IA blueprint example:
# Blueprint-level
discriminators:
categories: [financial, operational, compliance, strategic, IT]
risk_ratings: [high, medium, low]
engagement_types: [assurance, advisory, consulting]
# Procedure-level
procedures:
- id: technology_assessment
discriminators:
categories: [IT]
engagement_types: [assurance, advisory]
When the overlay specifies a discriminator filter (e.g., categories: [financial]), the engine skips procedures that do not match. Procedures with no discriminators are always executed.
Output Formats
Flat JSON Event Trail
The primary export format. Each event is a JSON object in an array:
[
{
"event_id": "550e8400-e29b-41d4-a716-446655440000",
"timestamp": "2025-01-15T09:00:00",
"event_type": "state_transition",
"procedure_id": "accept_engagement",
"step_id": null,
"phase_id": "planning",
"from_state": "not_started",
"to_state": "in_progress",
"actor_id": "engagement_partner",
"command": "evaluate_client_acceptance",
"evidence_refs": [],
"standards_refs": [],
"is_anomaly": false,
"anomaly_type": null
}
]
OCEL 2.0 Projection
project_to_ocel() maps audit events to OCEL 2.0 format:
- Object types: each procedure ID becomes an object type; evidence references become
"evidence"objects - Events: mapped from audit events with
activity = command,omaplinking to procedure and evidence objects - Attributes: phase, actor, from_state, to_state stored in
vmap
{
"ocel_version": "2.0",
"object_types": ["accept_engagement", "evidence", "planning_materiality", ...],
"events": [
{
"id": "550e8400-...",
"activity": "evaluate_client_acceptance",
"timestamp": "2025-01-15 09:00:00",
"omap": ["proc_accept_engagement"],
"vmap": {
"phase": "planning",
"actor": "engagement_partner",
"from_state": "not_started",
"to_state": "in_progress"
}
}
],
"objects": [
{"id": "proc_accept_engagement", "object_type": "accept_engagement", "attributes": {}}
]
}
This output is compatible with PM4Py, Celonis, OCPA, and other OCEL 2.0 process mining tools.
Orchestrator Integration
When audit.fsm.enabled: true in the DataSynth configuration:
- The enhanced orchestrator builds an
EngagementContextfrom the current generation state, populating financial data (revenue, assets, equity), team members, GL accounts, vendor/customer names, and configuration flags - The
AuditFsmEngineruns the engagement - The
ArtifactBagis mapped to the orchestrator’sAuditSnapshot, which feeds the standard output pipeline (CSV, JSON, Parquet) - The graph builder receives the same typed artifacts for node/edge creation (28 entity types, 27 edge types)
The FSM engine operates alongside the existing audit generators.
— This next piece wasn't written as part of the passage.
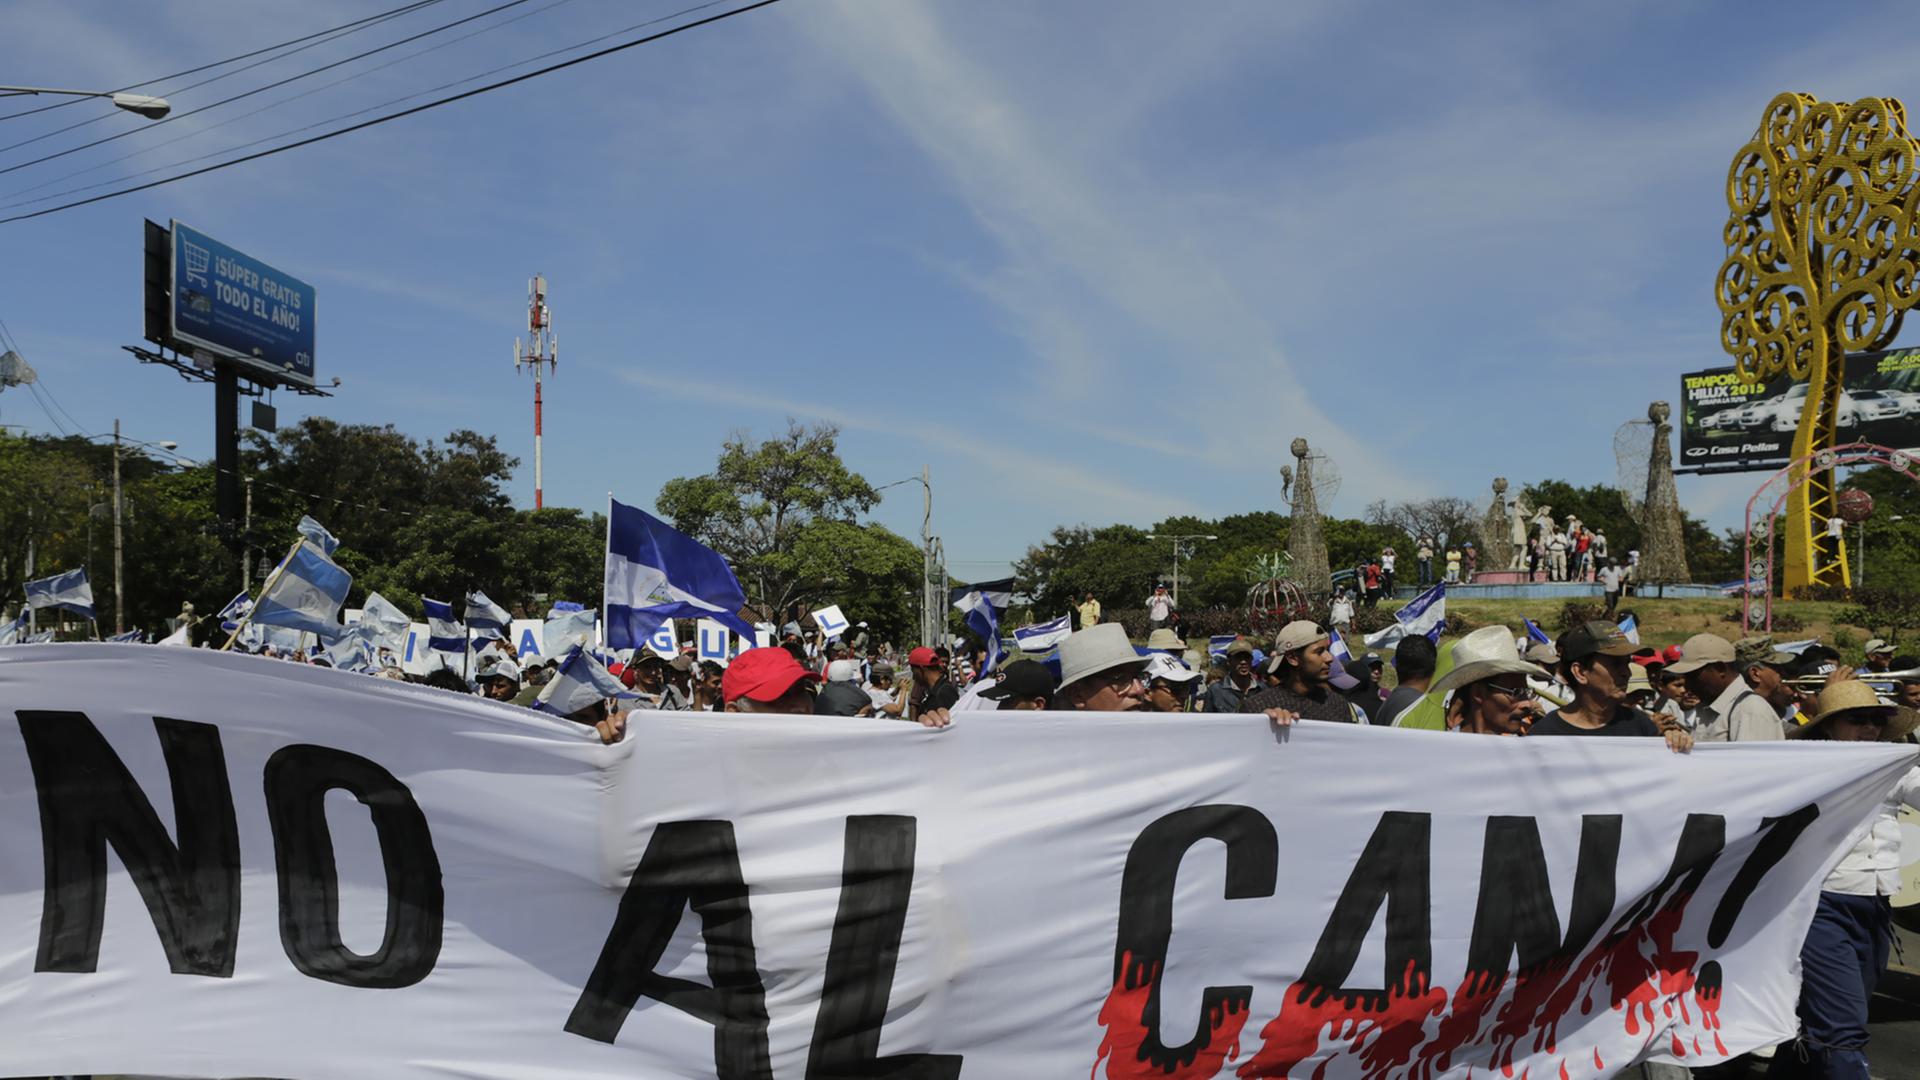 Demonstranten in Nicaraguas Hauptstadt Managua mit einem Banner, auf dem No al canal (Nein zum Kanal) steht.

When FSM mode is enabled, it replaces the procedural audit generation path with the blueprint-driven approach.
Streaming Execution
The streaming module provides two modes for event-by-event emission:
Callback mode — run_engagement_streaming() accepts a closure invoked for each AuditEvent:
#![allow(unused)]
fn main() {
use datasynth_audit_fsm::streaming::run_engagement_streaming;
use datasynth_audit_fsm::loader::{BlueprintWithPreconditions, default_overlay};
use datasynth_audit_fsm::context::EngagementContext;
let bwp = BlueprintWithPreconditions::load_builtin_fsa().unwrap();
let overlay = default_overlay();
let ctx = EngagementContext::demo();
let result = run_engagement_streaming(
&bwp, &overlay, &ctx, 42,
Box::new(|event| {
// Forward to WebSocket, Kafka, Grafana, etc.
}),
).unwrap();
}
Channel mode — run_engagement_to_channel() spawns the engine on a background thread and returns an mpsc::Receiver<AuditEvent> for consumption by a separate reader thread, plus a JoinHandle for the full EngagementResult.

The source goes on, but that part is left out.